The challenge of combustible gas and fire safety continues every day at thousands of industrial process facilities throughout the world, but it is worse in many developing countries. Hundreds of preventable accidents are reported every year – many of them with the tragic unnecessary loss of employee lives. There is hope, however, because the latest generation of gas and flame safety detection systems is smarter than ever and can provide a layered human sensory approach that is more comprehensive to protect people and facilities.
Plant Protection Challenges
The primary sensing technologies utilized in the detection of combustible gas leaks and flames at industrial process plants are: catalytic bead, point infrared (IR), open path IR, ultrasonic and optical. These technologies are all well-known with more than a decade of proven performance in the field. All of them have their unique advantages depending on the application environment.
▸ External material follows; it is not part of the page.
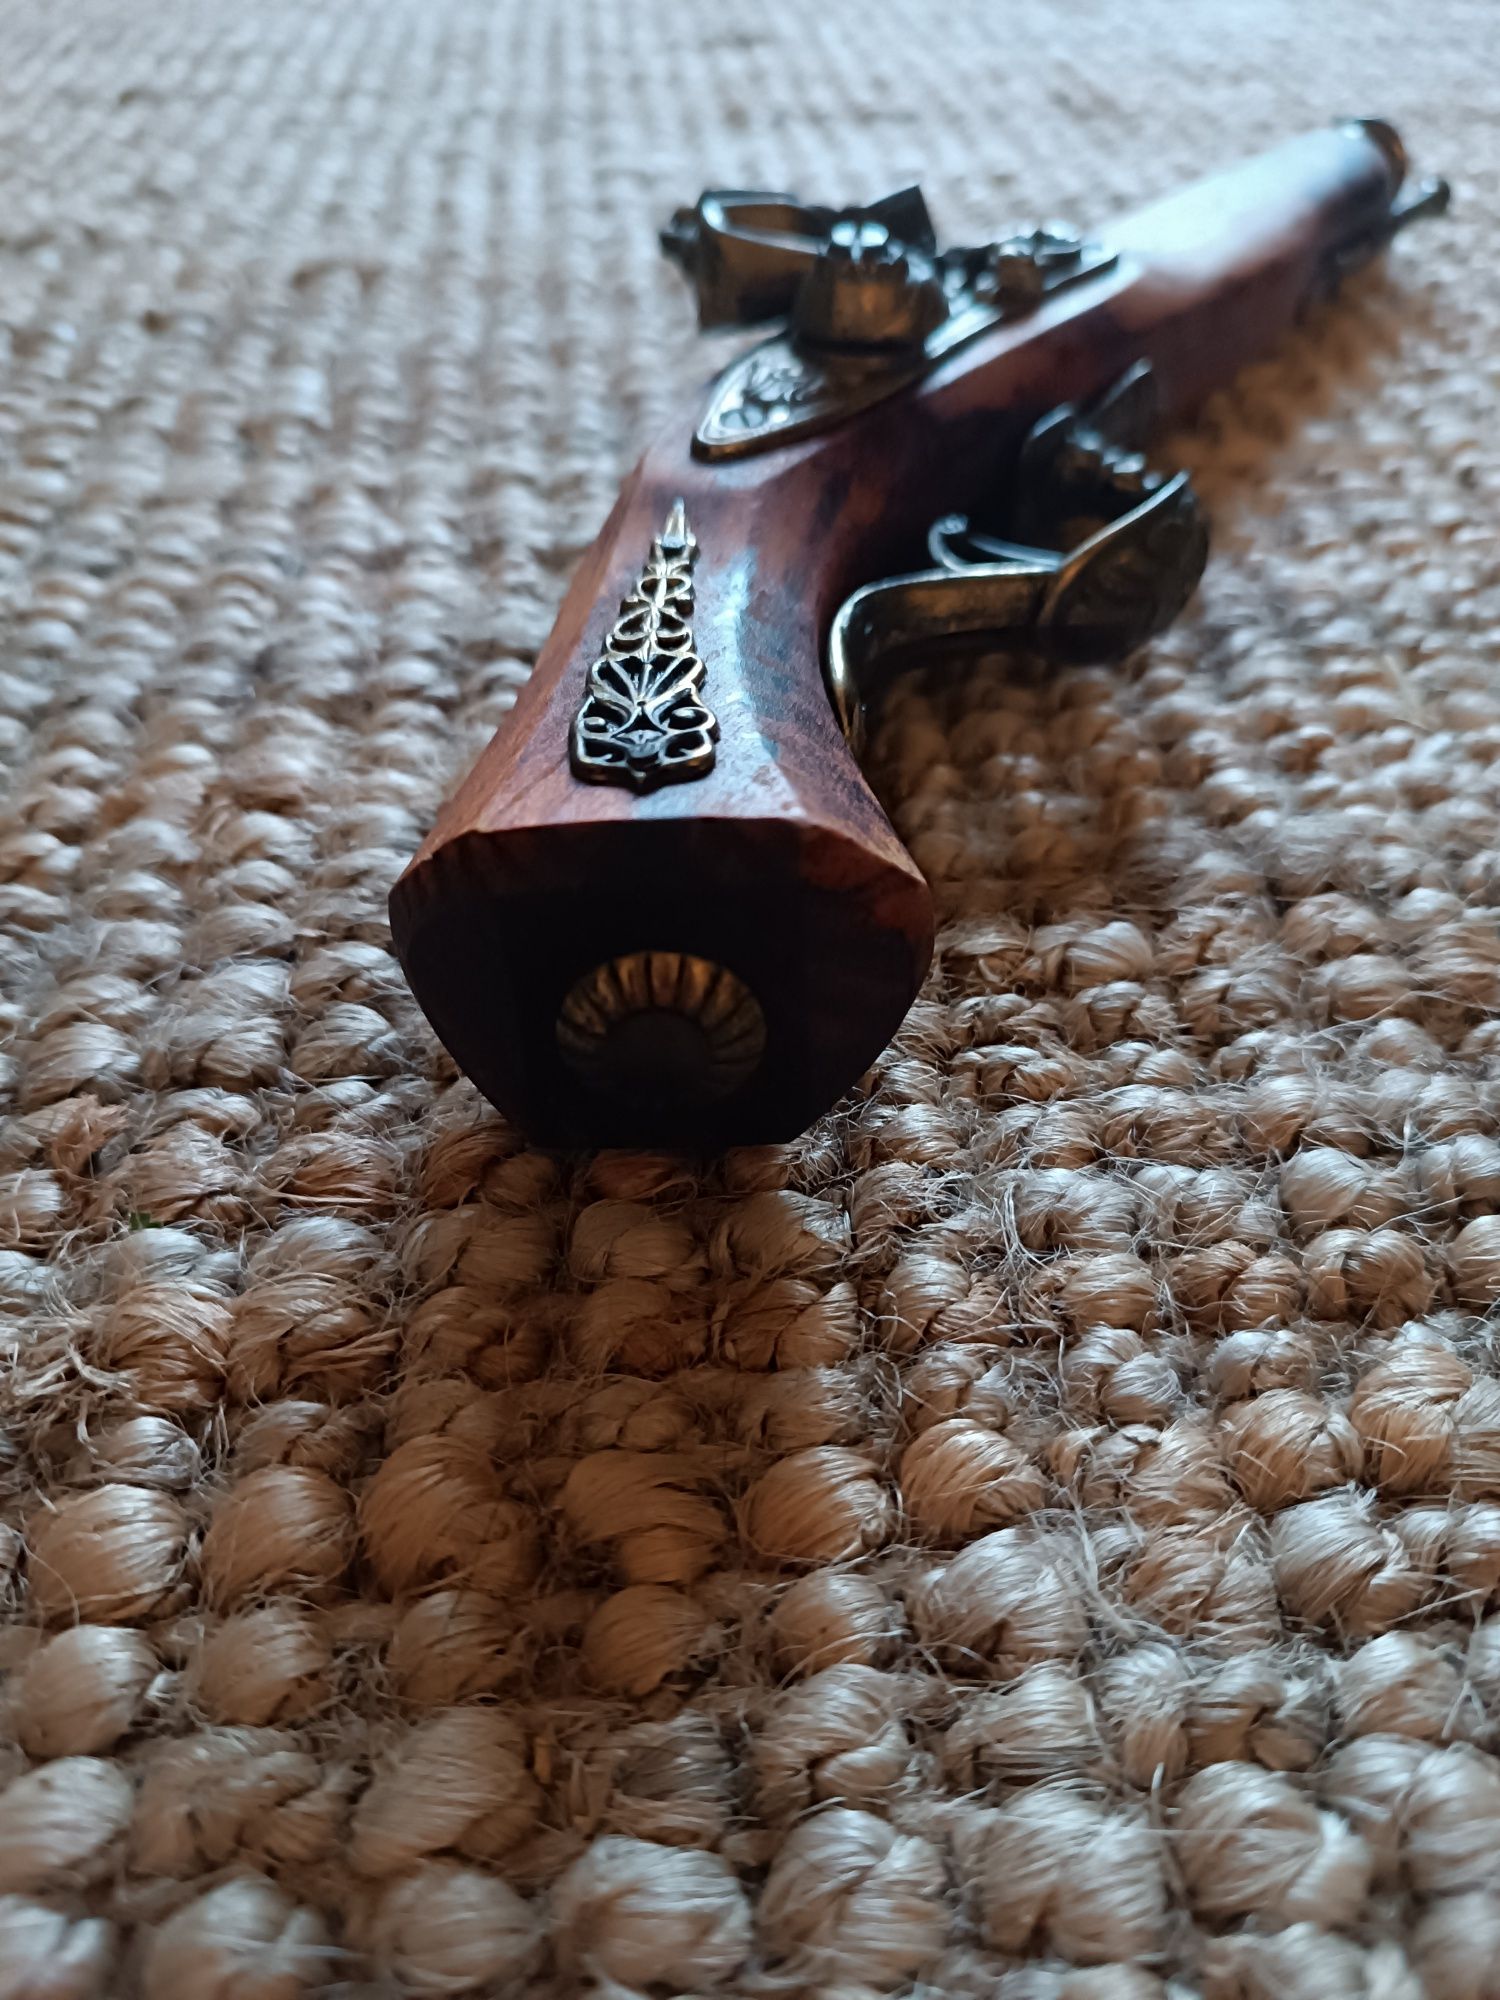 Pistola antiga de madeira

All of them are individually susceptible to false alarms under certain conditions. No single method of gas and flame detection is foolproof.
Every industrial process plant has a variety of potential gas leaks and flame leak sources, including leaking tanks, pipes, valves, pumps, etc. The avoidance of false alarms is also important because they result in unnecessary process or plant shutdowns, slowing production and requiring time-consuming reviews, paperwork, and reporting. False alarms can over time provide employees with a false sense of security because they become complacent if alarms go off for no apparent reason and then just choose to ignore them.
Detecting dangerous gas leaks and flames reliably is a challenge using any single one of the conventional technologies. For example, IR detectors can’t detect hydrogen gas because hydrogen doesn’t absorb IR energy. In another example, while a pressurized pipe gas leak can create an ultrasonic noise, so can other pieces of equipment that can trigger false alarms in ultrasonic detectors. Reflections or heat rising off tanks and other shiny surfaces on hot days can fool optical flame detectors.
The Human Sensory Model
With all the challenges that the best sensing technologies face, it’s not surprising that a new strategy in gas and flame protection is emerging for industrial plants. What if you combined all of the gas and flame detection technologies together and then layered them where they fit best in terms of their reliability in each unique plant layout?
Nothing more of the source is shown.